**YOUR OBJECTIVE**
Everything in the records below except the pictures must be written out exactly.

■ ■ ■ ■ ■

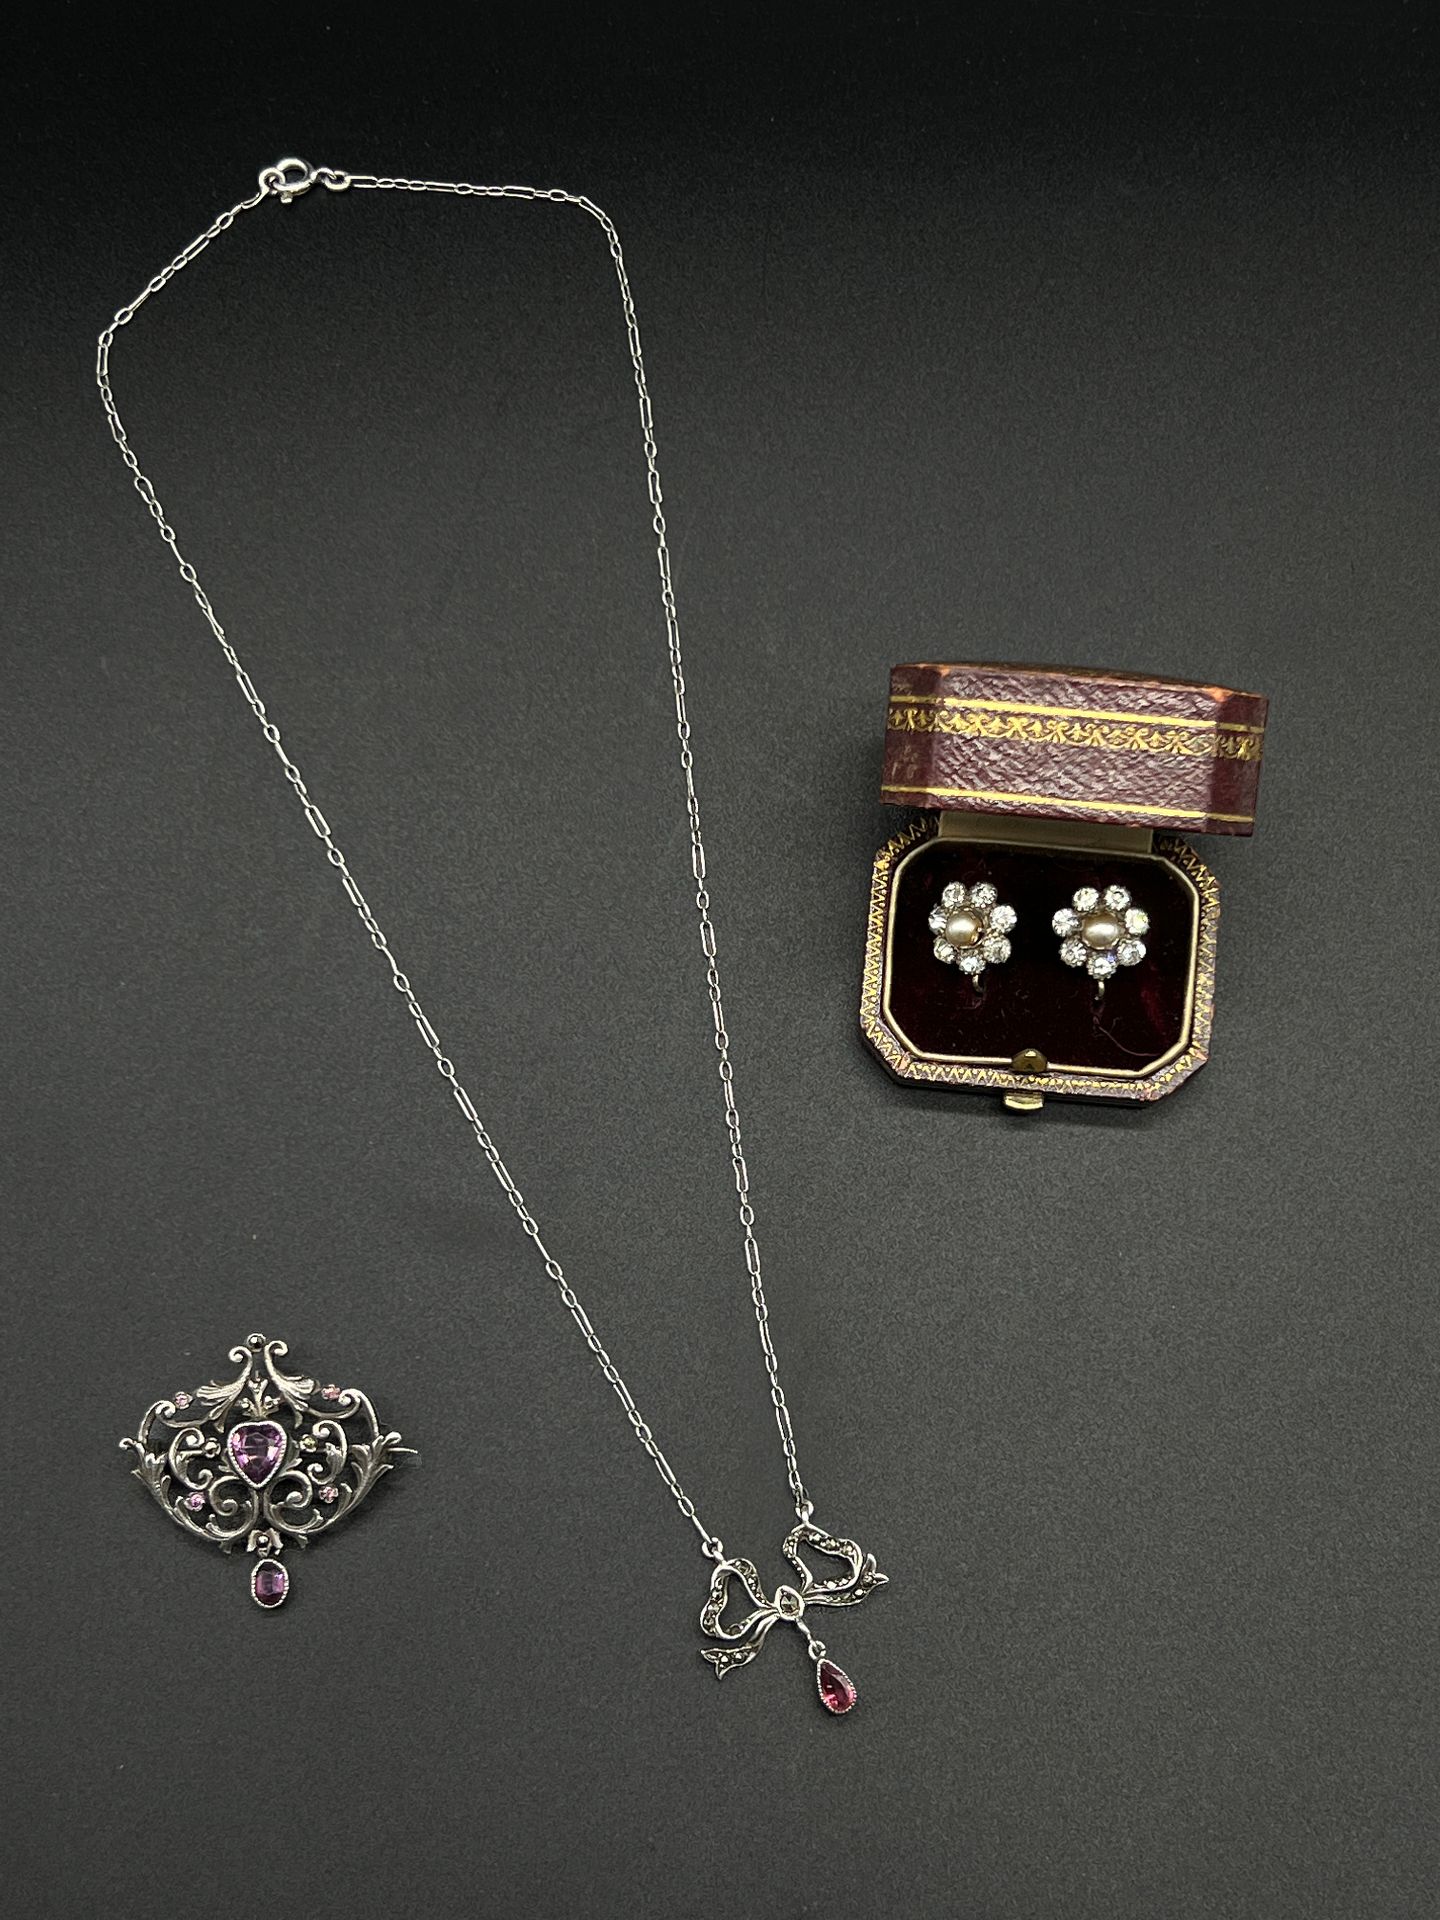 Null 一批珠宝，包括一条银项链和一个带紫罗兰石的胸针（925）。

19世纪末-20世纪初的作品。

P.毛重：11克。

一个加入了:

一对镀金金属、水&hellip;

■ ■ ■ ■ ■

**SOLUTION TO THE EXERCISE**
 Null 一批珠宝，包括一条银项链和一个带紫罗兰石的胸针（925）。

19世纪末-20世纪初的作品。

P.毛重：11克。

一个加入了:

一对镀金金属、水&hellip;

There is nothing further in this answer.